TASK PROMPT: From the first line to the last, output the data exactly as it stands, minus its pictures.

DATA BLOCK:
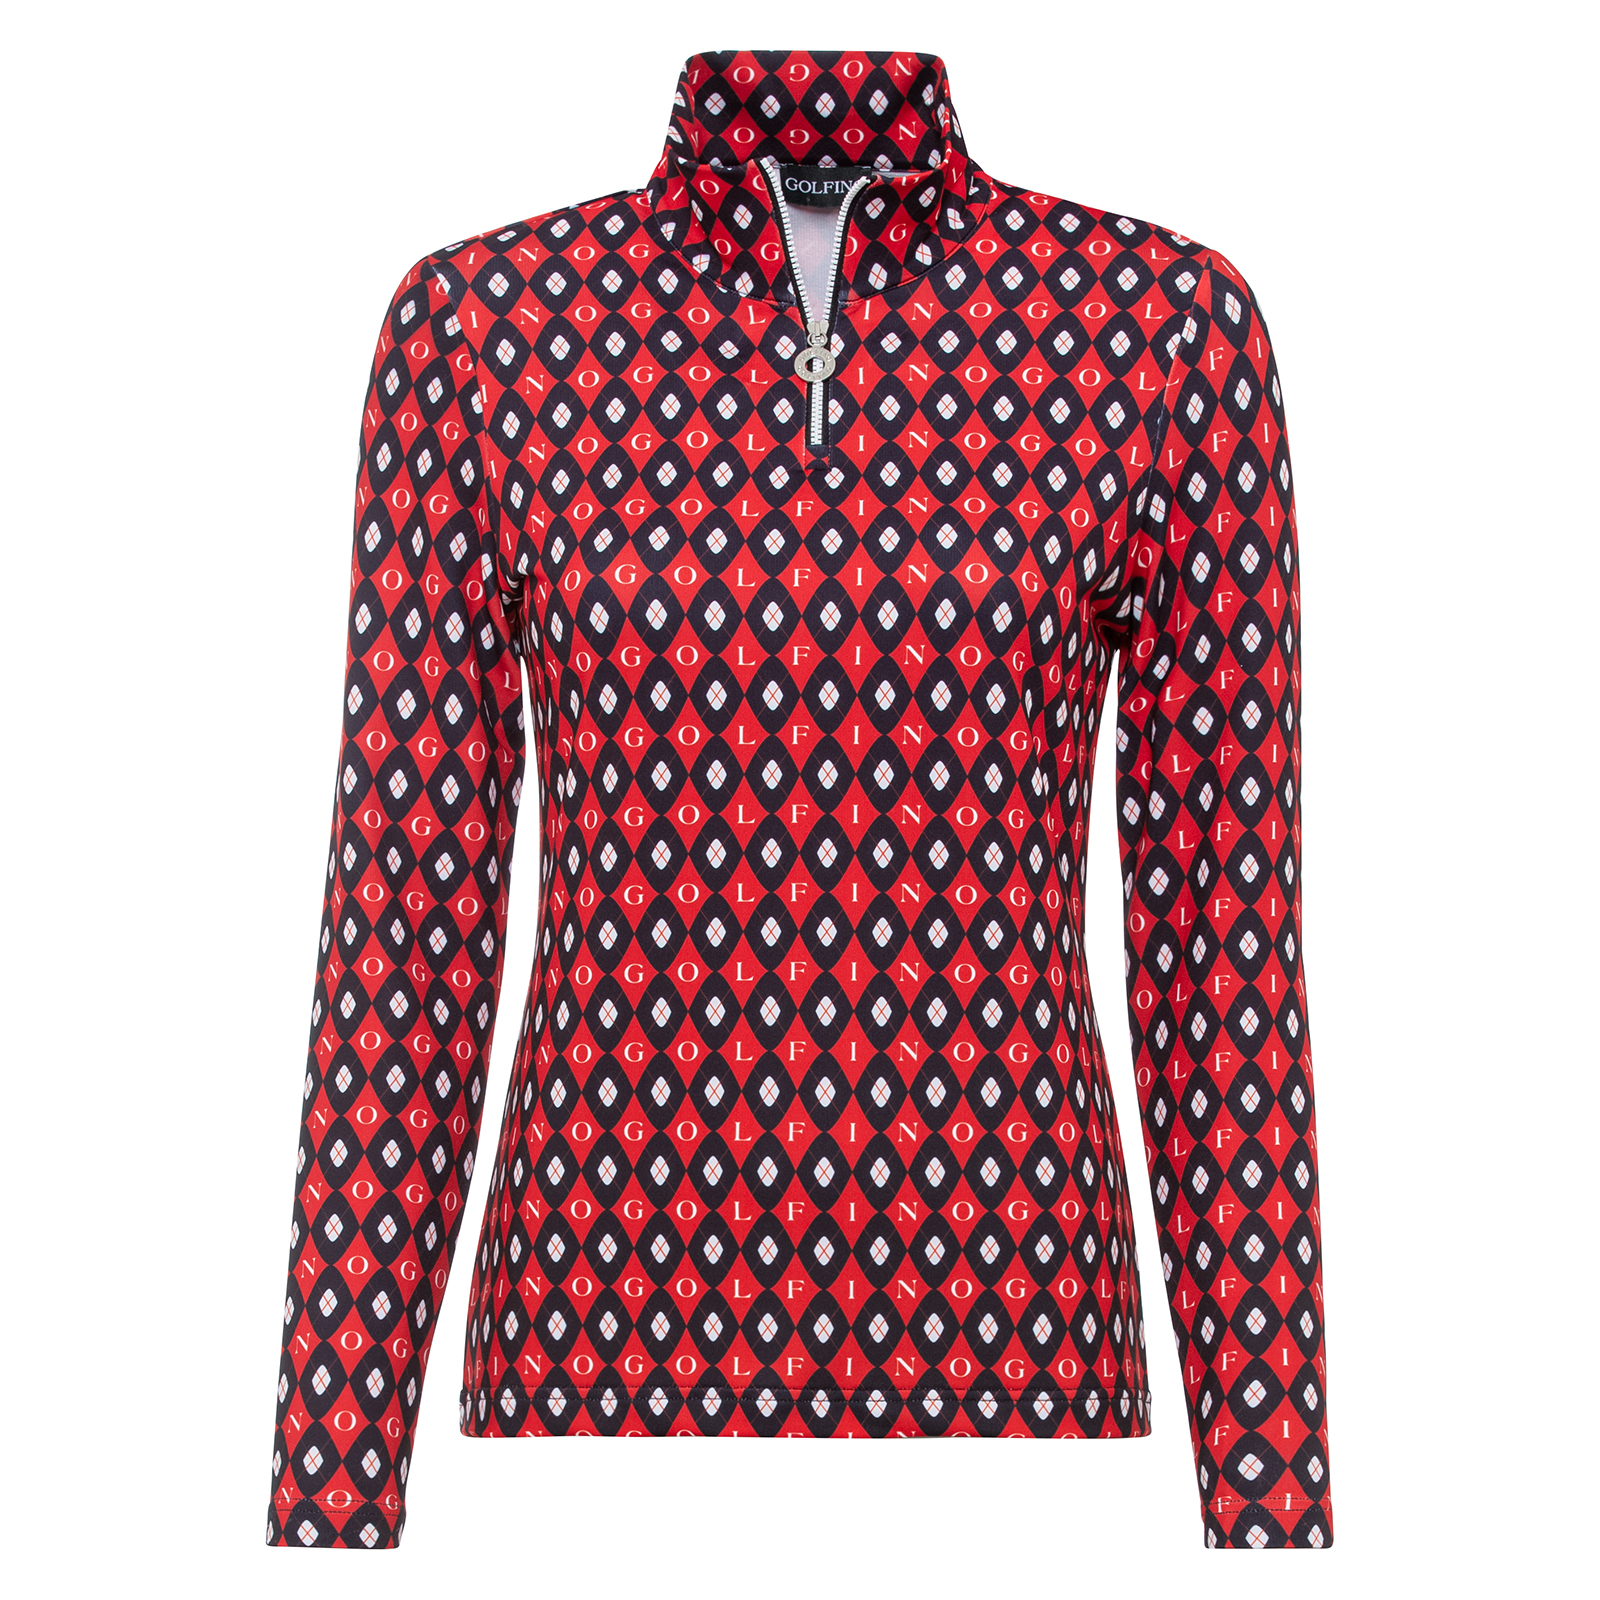 Ladies’ signature top with all-over argyle pattern
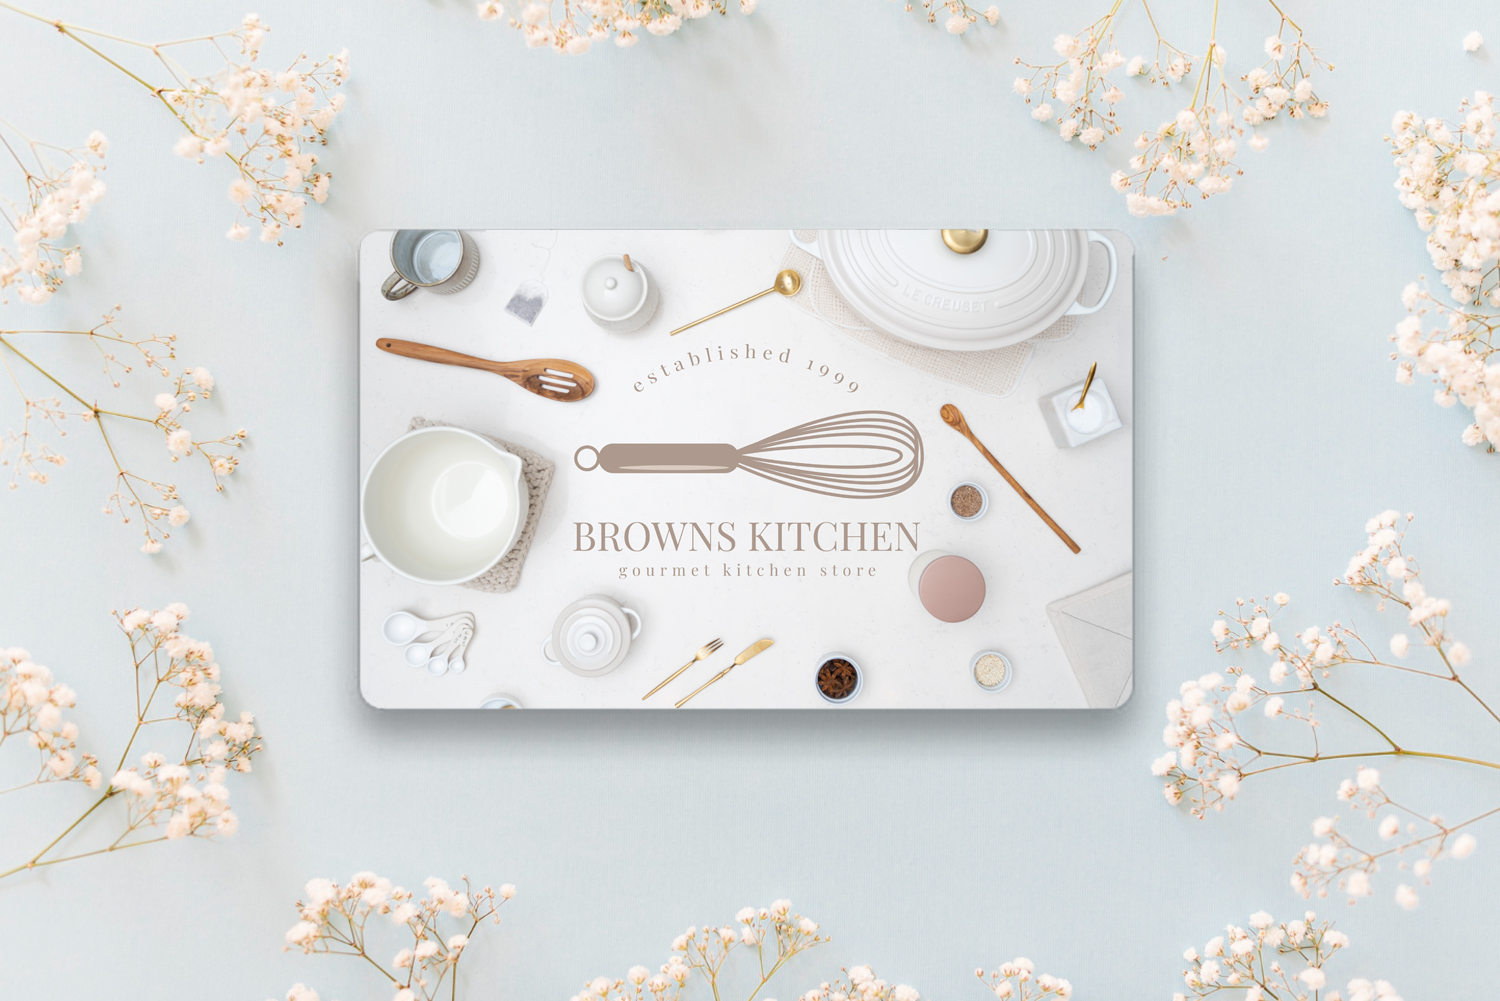 A Browns Kitchen Gift Card on a light blue background, surrounded by baby's breath flowers.
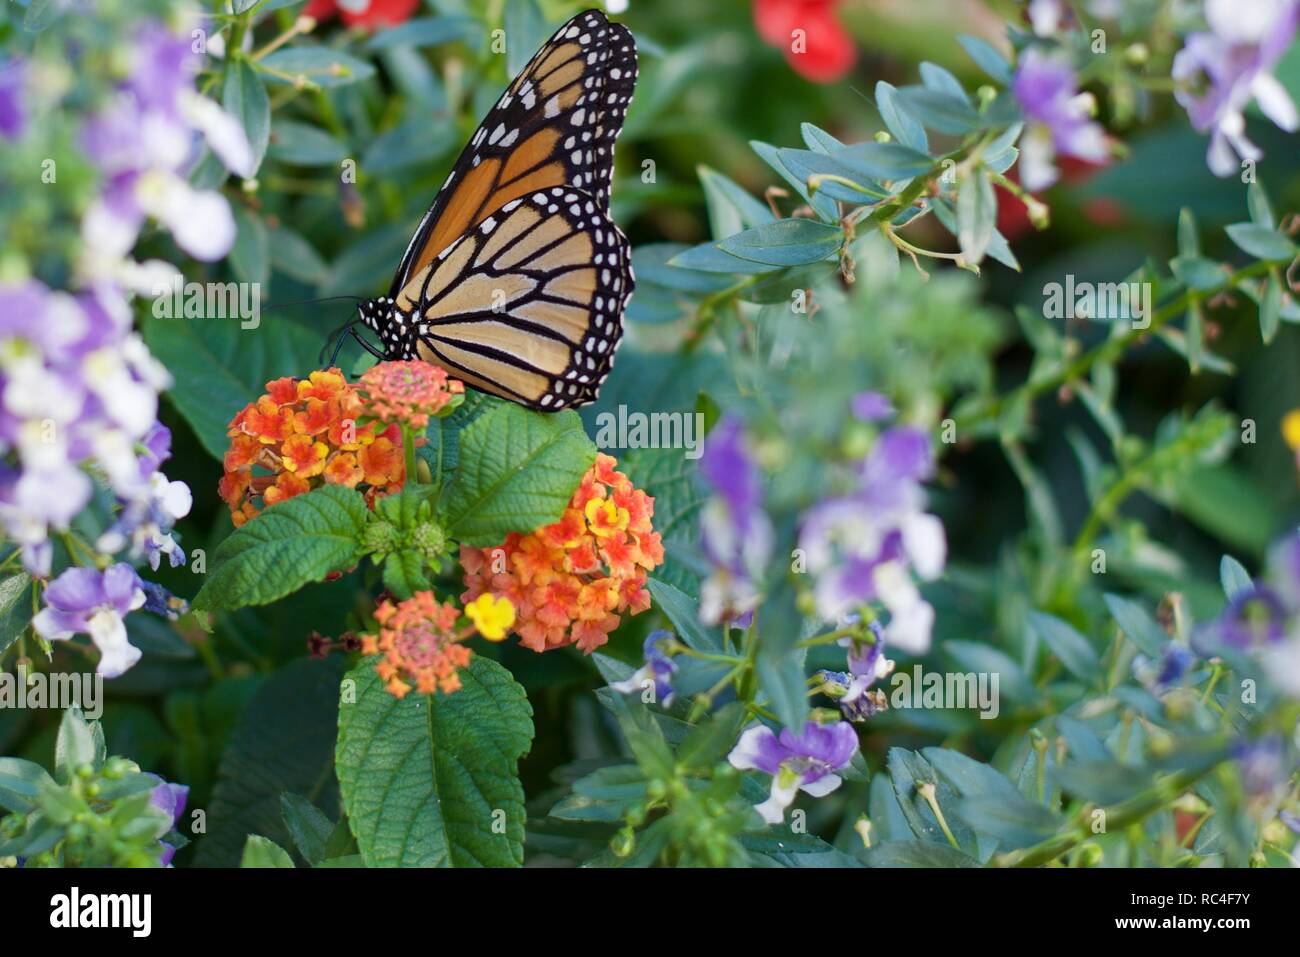 monarch butterfly over flowers Stock Photo

SOLUTION BELOW:
 Ladies’ signature top with all-over argyle pattern
 A Browns Kitchen Gift Card on a light blue background, surrounded by baby's breath flowers.
 monarch butterfly over flowers Stock Photo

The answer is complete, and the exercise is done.